Coin shortage affecting rural banks more than businesses
WEST PLAINS, Mo. (KY3) - Banks may be short on coins in the Ozarks, thanks to the coronavirus.
According to some business owners, the national shortage may have started to affect the coin supply for local banks.
“I cannot imagine us living in a cashless society. I just don’t think it would work,” Heather Christopher said.
Christopher has seen recent social media posts about the coin shortage.
Saturday, she went to give a customer change, while working at Old Time Flea Market, and noticed she was down to her last penny.
“I had not thought about it happening in West Plains but had to give a nickel back because I am down to one penny. I couldn’t give change for four cents. I had to give them a nickel,” Christopher added.
Tim Cates, owner of the Wash Board, a laundromat, relies on people’s change to make a living.

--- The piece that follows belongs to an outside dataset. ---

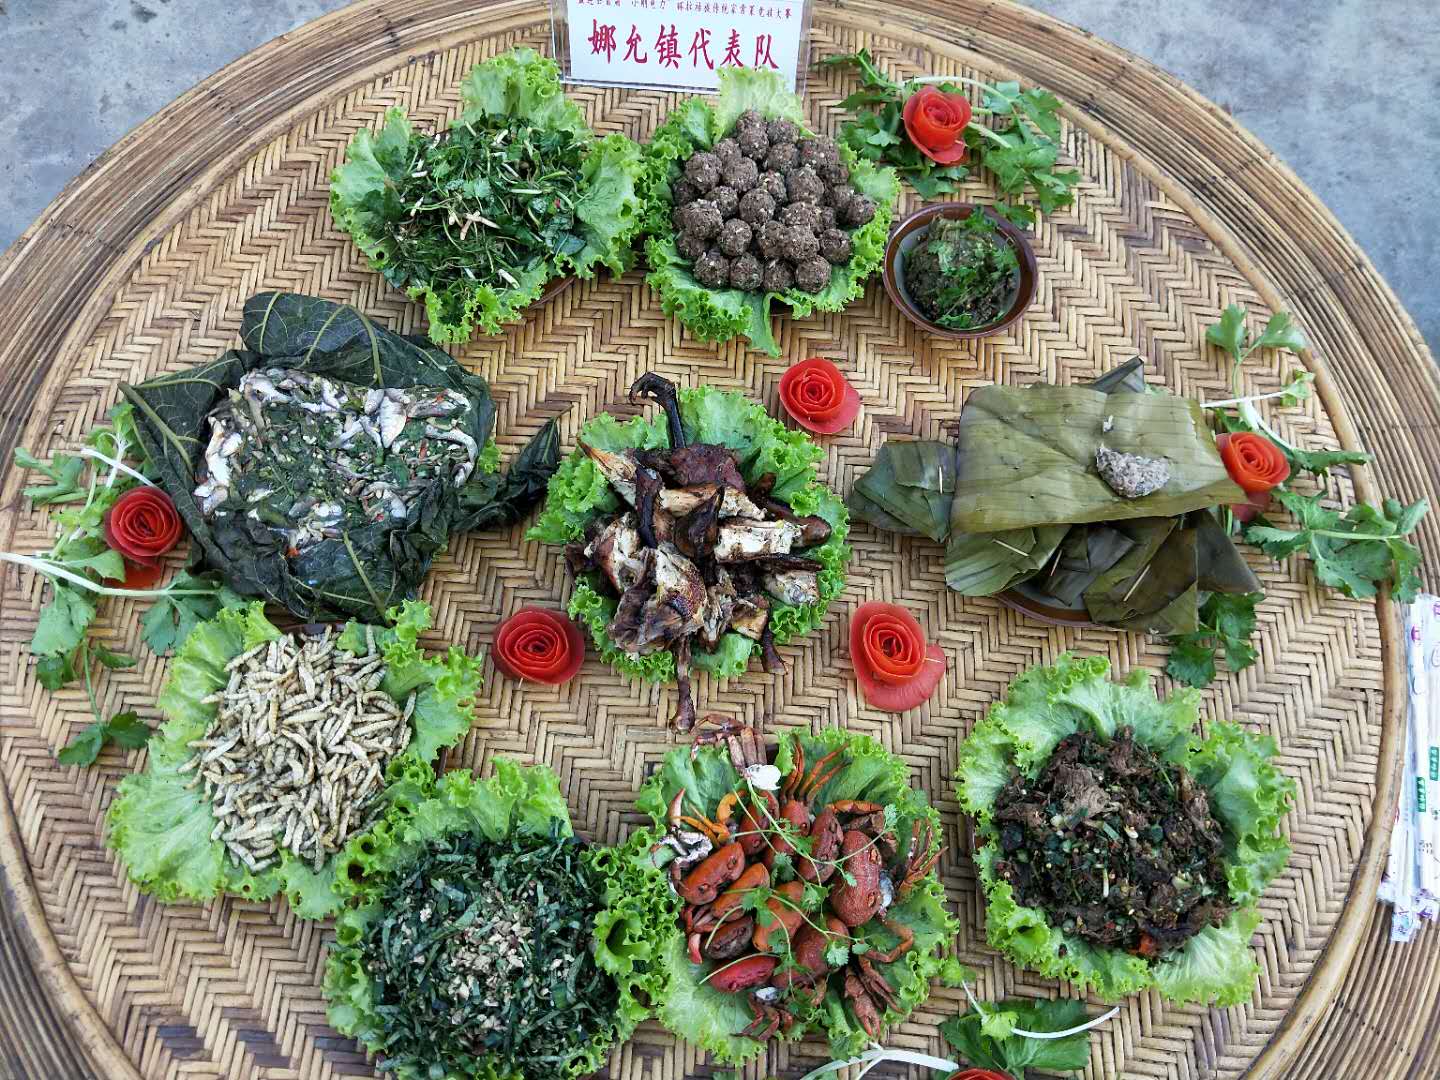 拉祜族特色美食 为孟连县拉祜族2017年葫芦节增香添色

He doesn't want to see a card-driven society.
“I’m not looking forward to it. I like the old way,” Cates explained.
Cates has enough coins right now, that he is actually in a position to help.
“As far as my business - I’ve actually sold some (coins) to a local bank,” Cates told KY3.
The Federal Reserve said last month it would limit the amount of coins it sends to banks due to the shortage caused by the pandemic.
Kevin Dietz’s arcade games inside the Wash Board, make him a prime candidate for banks on the hunt for coins.
“I’ve had a couple of banks call me and ask me if I coming in with some loads of quarters for them,” Dietz said.
He travels the Ozarks and has heard employees mention a shortage but says he hasn't seen any signs of private businesses short on change.
“Nobody’s put out signs saying we are in dire need of coins,” Dietz noted.
The Federal Reserve expects coin circulation to return to normal as more businesses open back up and production of coins increases.